## TASK ITEM
Copy, word for word, the lines of the listing below from the line with "Junge indische frau, die" up to and including the line with "El Palacio en". Drop the pictures.

Segment Start: DATA SUPPLIED

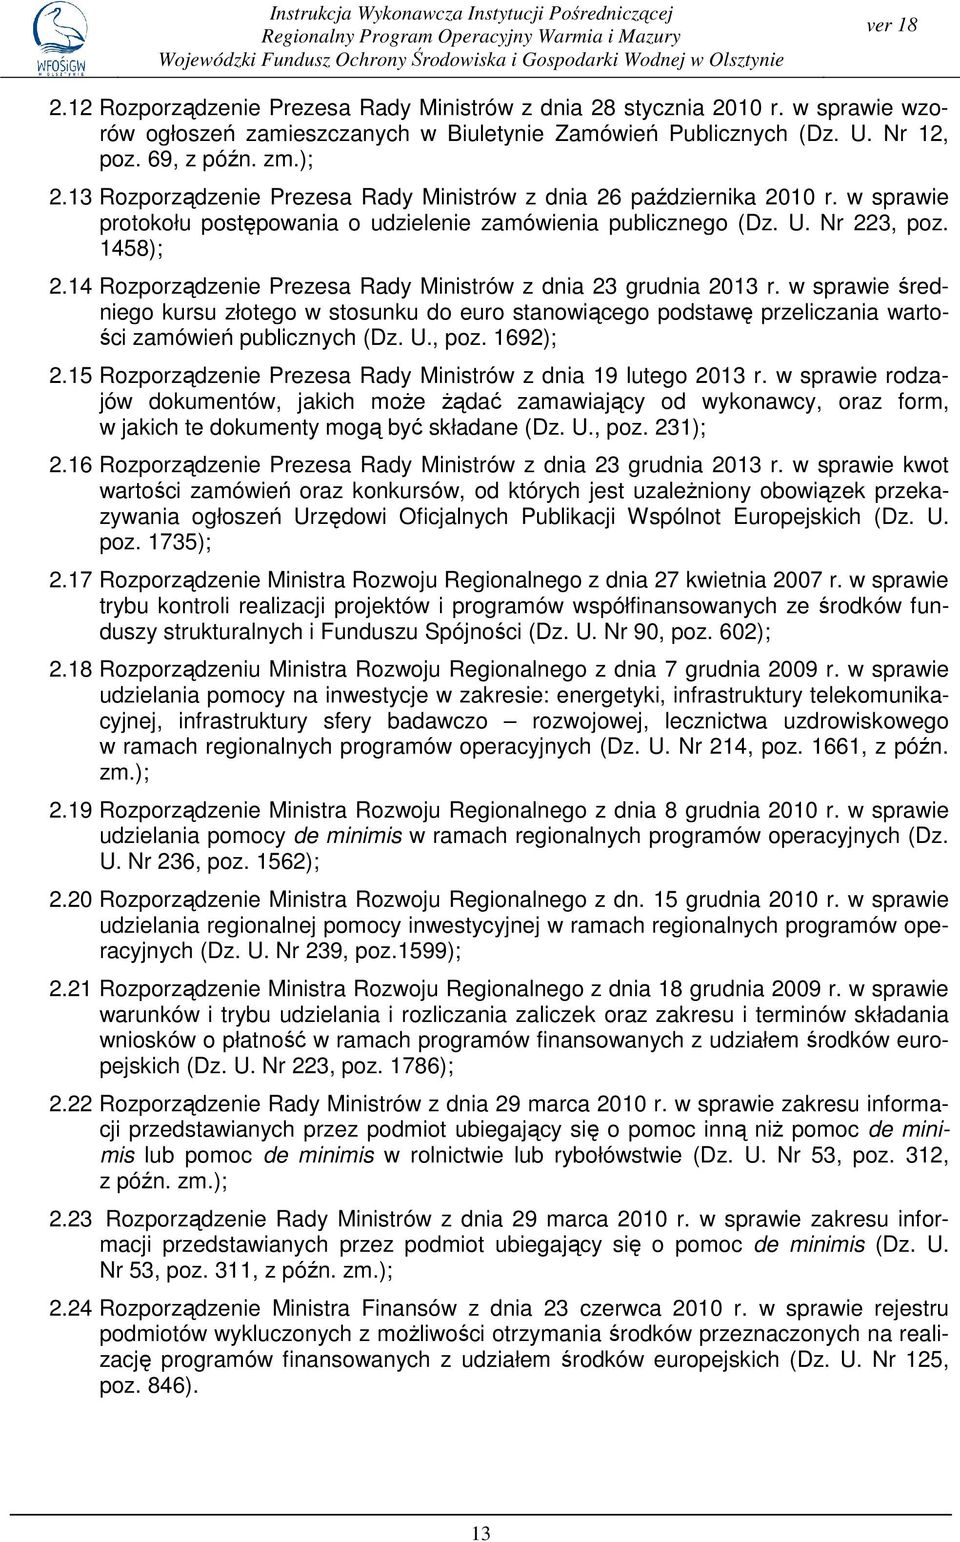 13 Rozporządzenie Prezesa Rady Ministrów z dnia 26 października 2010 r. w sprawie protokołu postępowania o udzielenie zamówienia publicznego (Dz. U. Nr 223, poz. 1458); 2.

Segment End: DATA SUPPLIED
Segment Start: DATA SUPPLIED

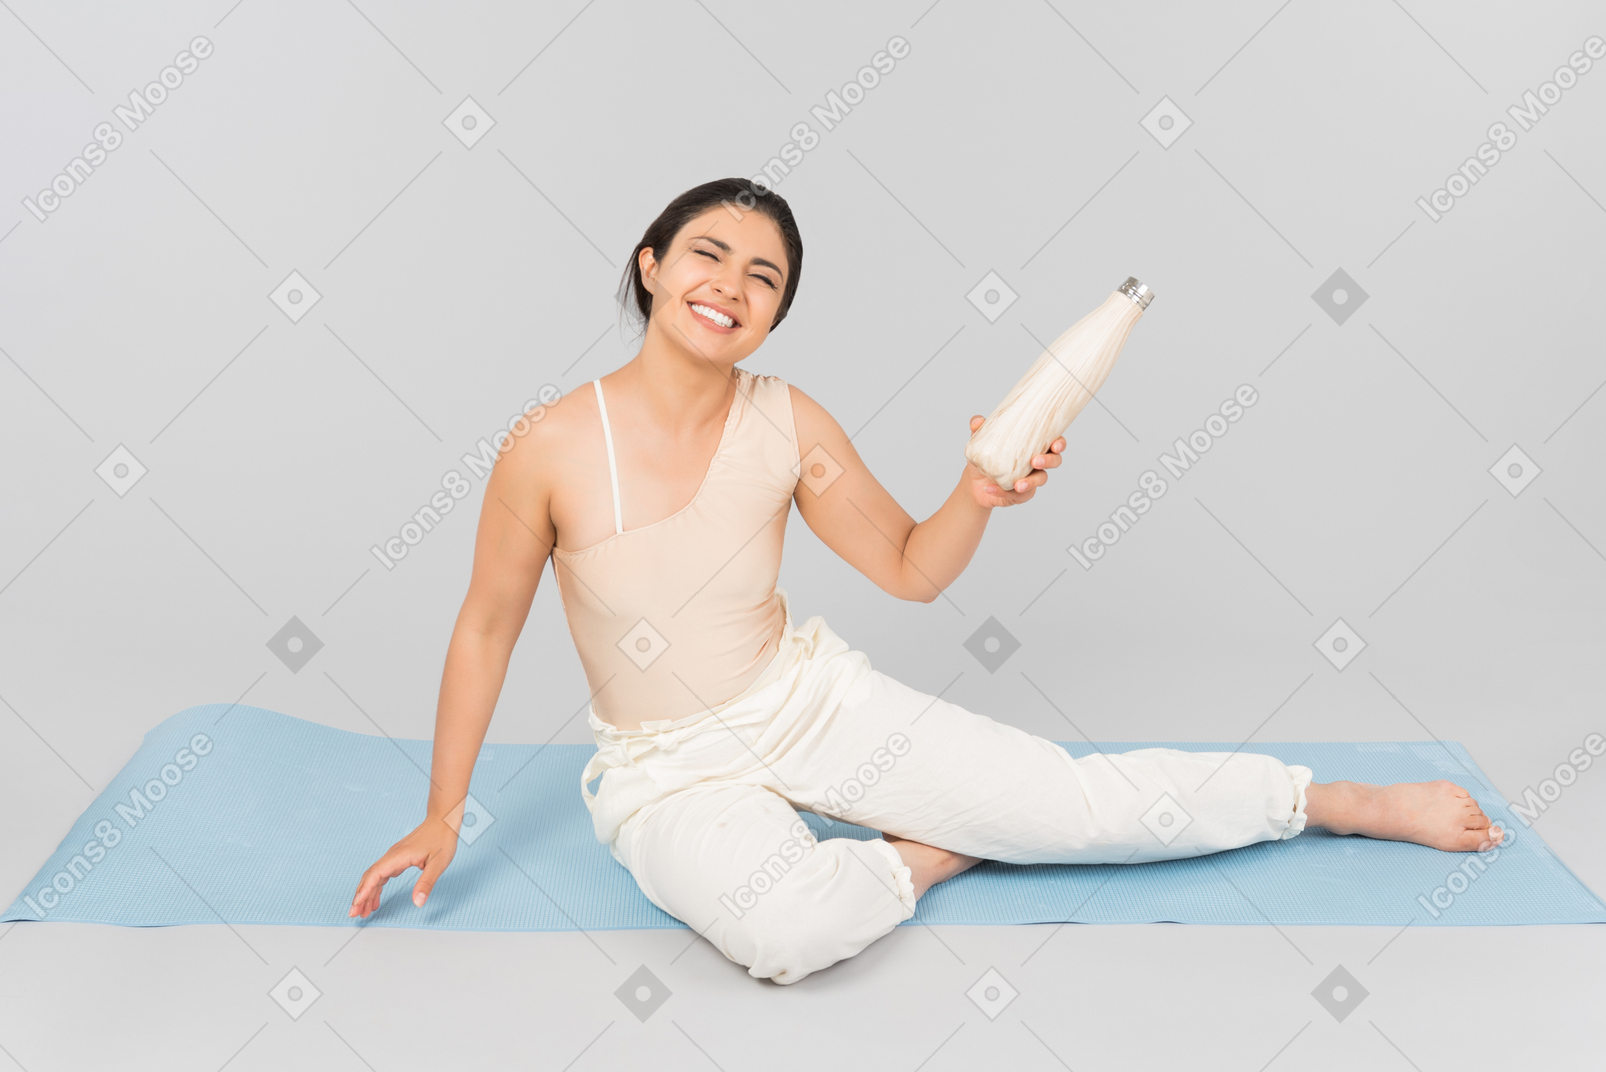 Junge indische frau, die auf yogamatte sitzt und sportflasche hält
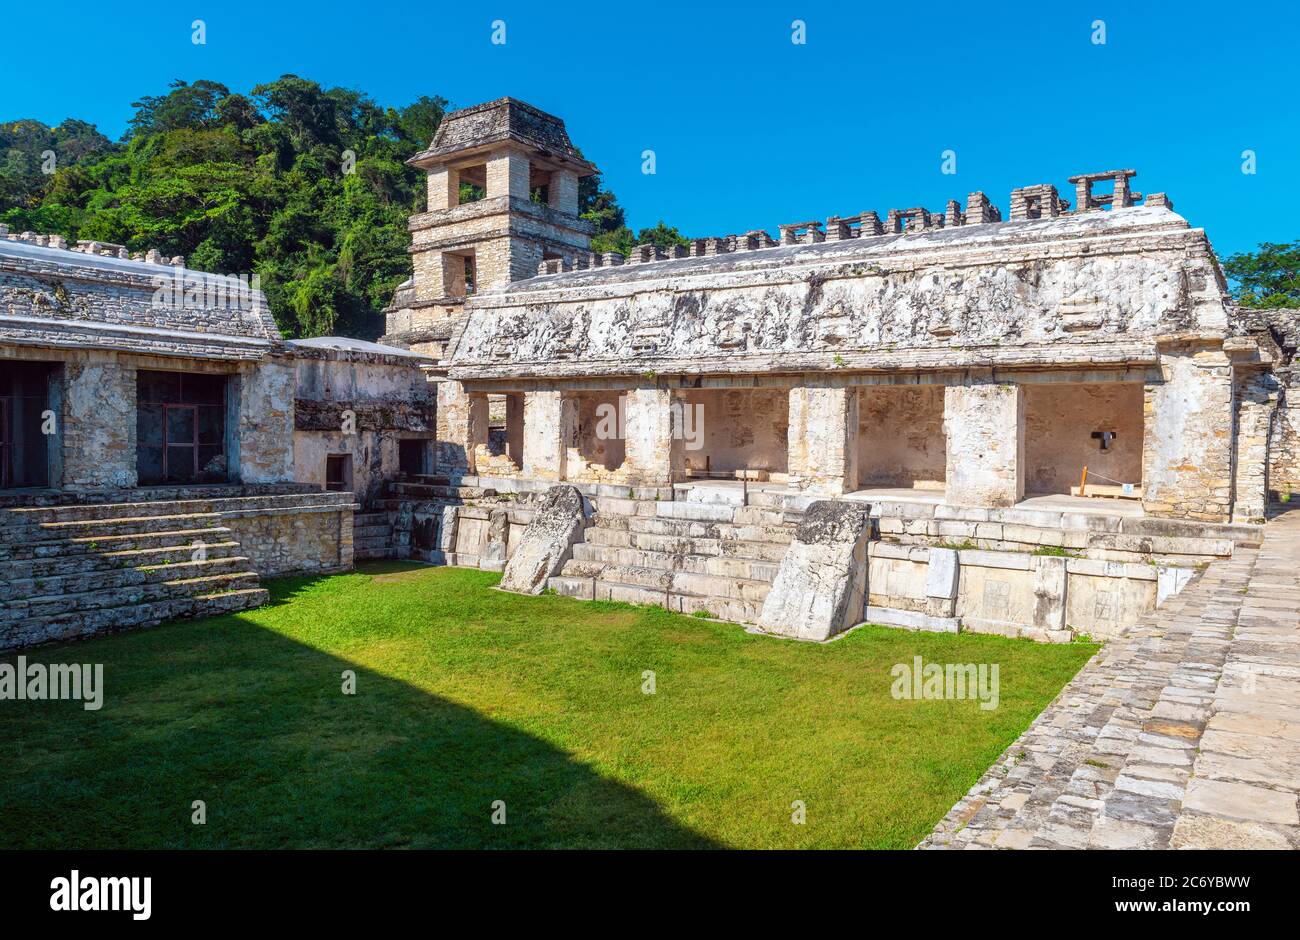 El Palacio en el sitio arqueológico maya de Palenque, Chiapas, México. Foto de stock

Segment End: DATA SUPPLIED

## RESULT
 Junge indische frau, die auf yogamatte sitzt und sportflasche hält
 El Palacio en el sitio arqueológico maya de Palenque, Chiapas, México. Foto de stock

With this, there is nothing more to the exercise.